-- RECORDED DATA follows --
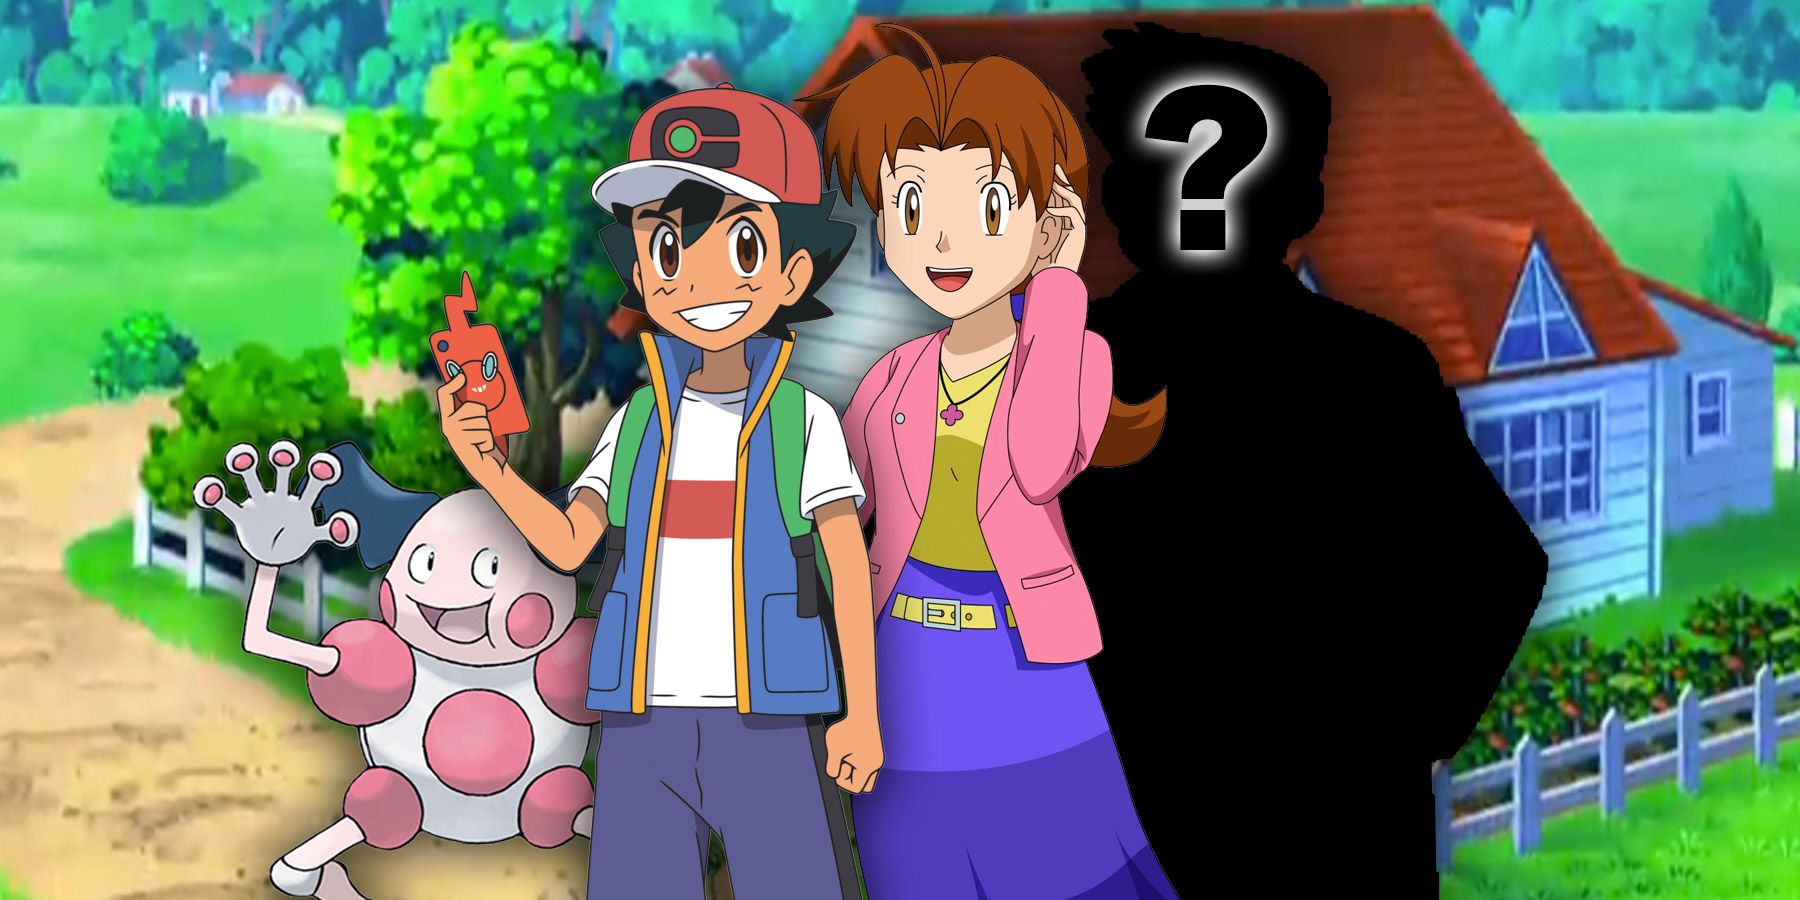 New Pokémon anime will end Ash Ketchum's story after 25 years | EW.com
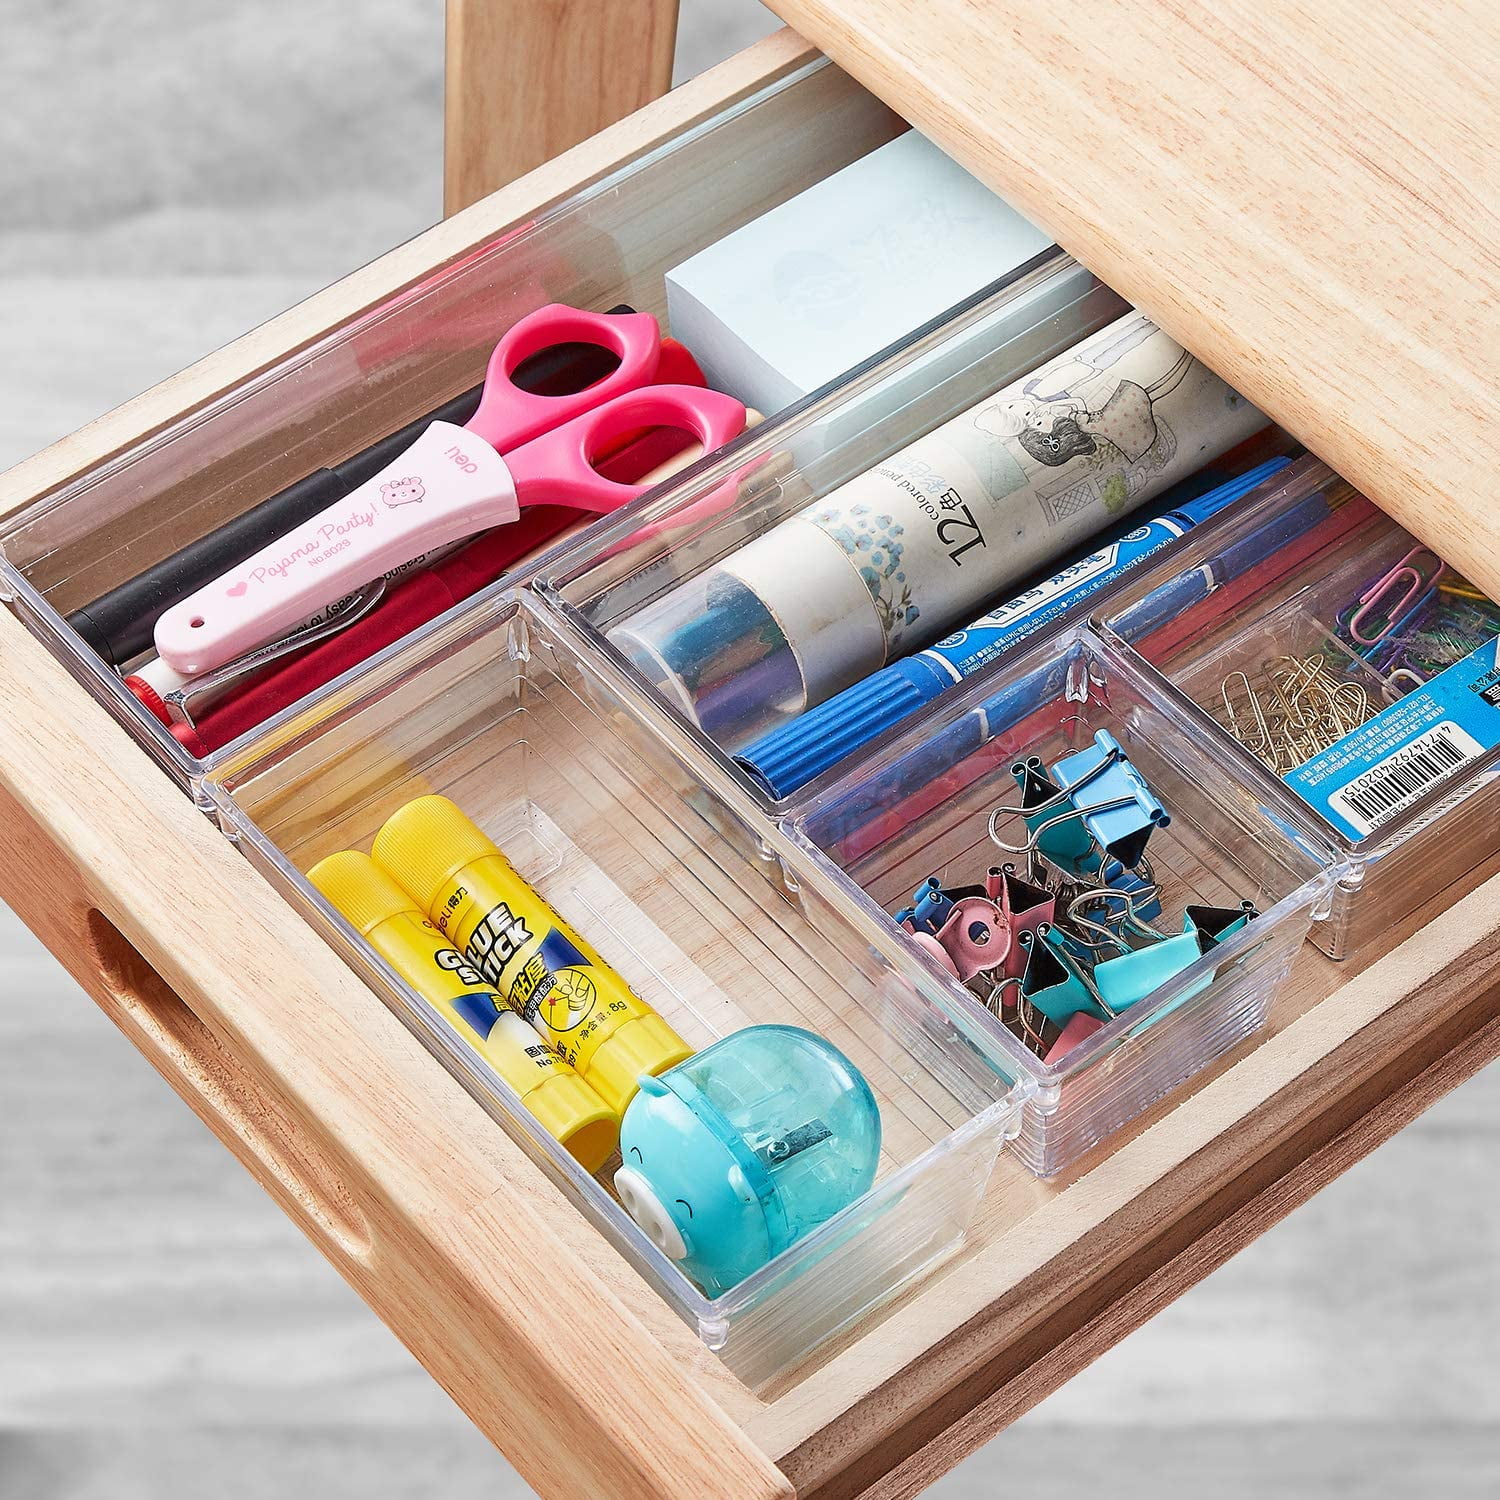 12PCS Stackable Drawer Organizer and Storage, Versatile Large Utensil Tray  Drawer Organizers Bins for Clothes/Kitchen/Bathroom/Office/Makeup, Colorful
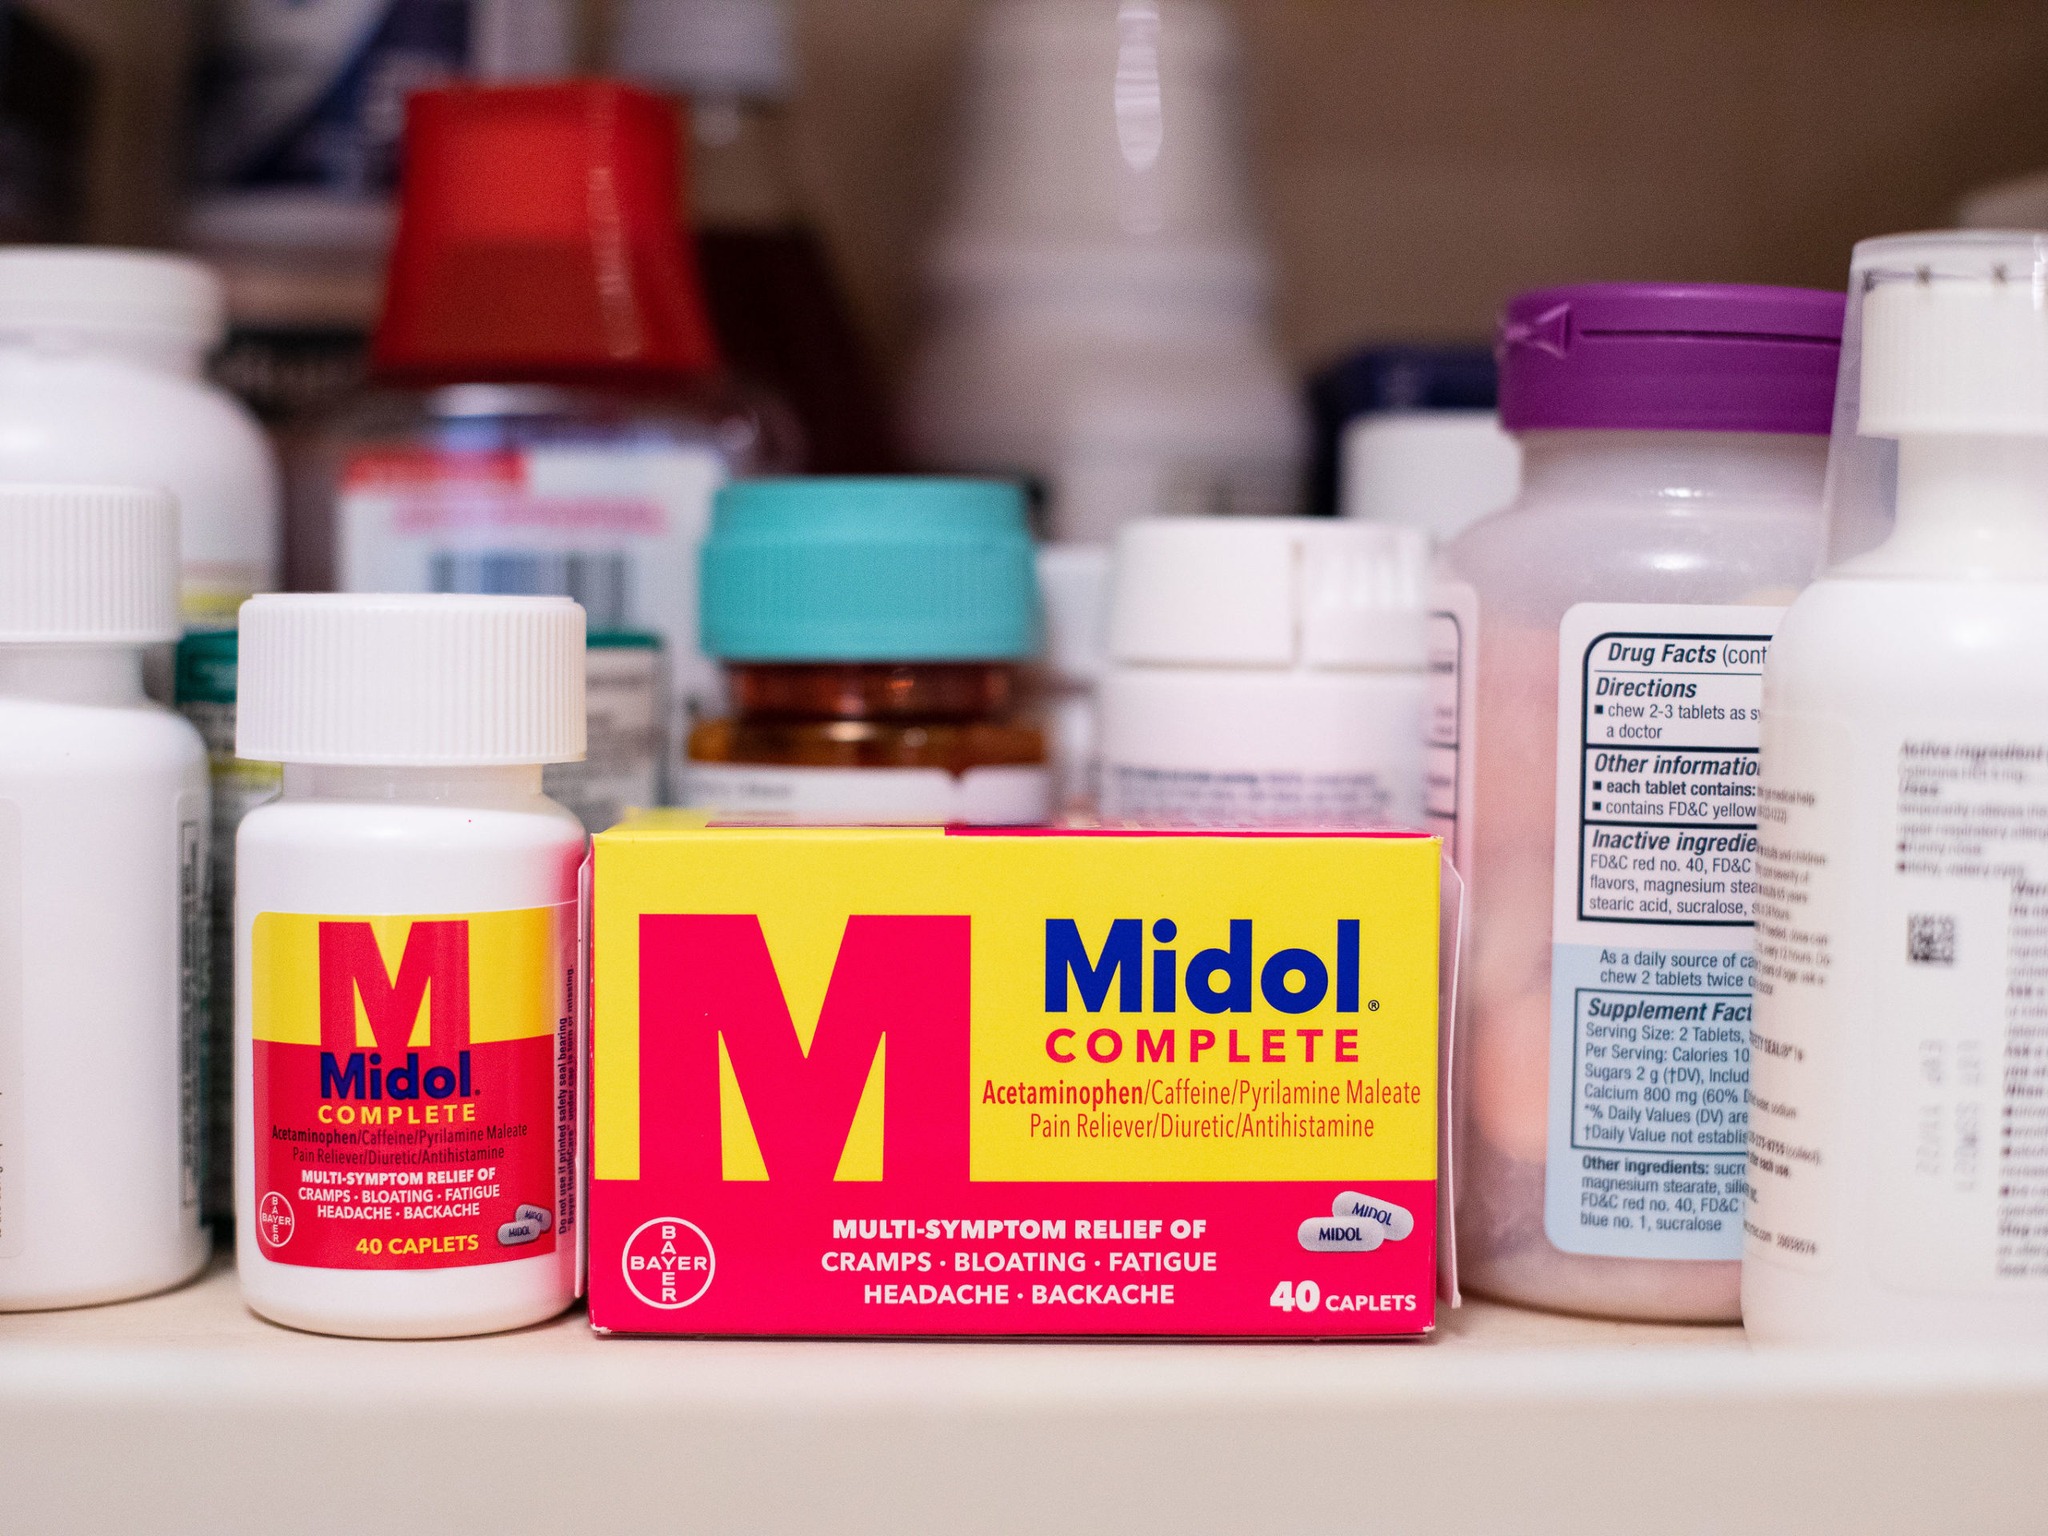 Get Midol For Just $4.69 At Publix (Regular Price $7.69)
-- RECORDED DATA concluded --
**WHAT IS NEEDED:**
The lines from the one holding "12PCS Stackable Drawer" through the end of the material above are to be echoed exactly, both ends included. Do not include pictures.

**ANSWER TO THIS EXERCISE:**
 12PCS Stackable Drawer Organizer and Storage, Versatile Large Utensil Tray  Drawer Organizers Bins for Clothes/Kitchen/Bathroom/Office/Makeup, Colorful
 Get Midol For Just $4.69 At Publix (Regular Price $7.69)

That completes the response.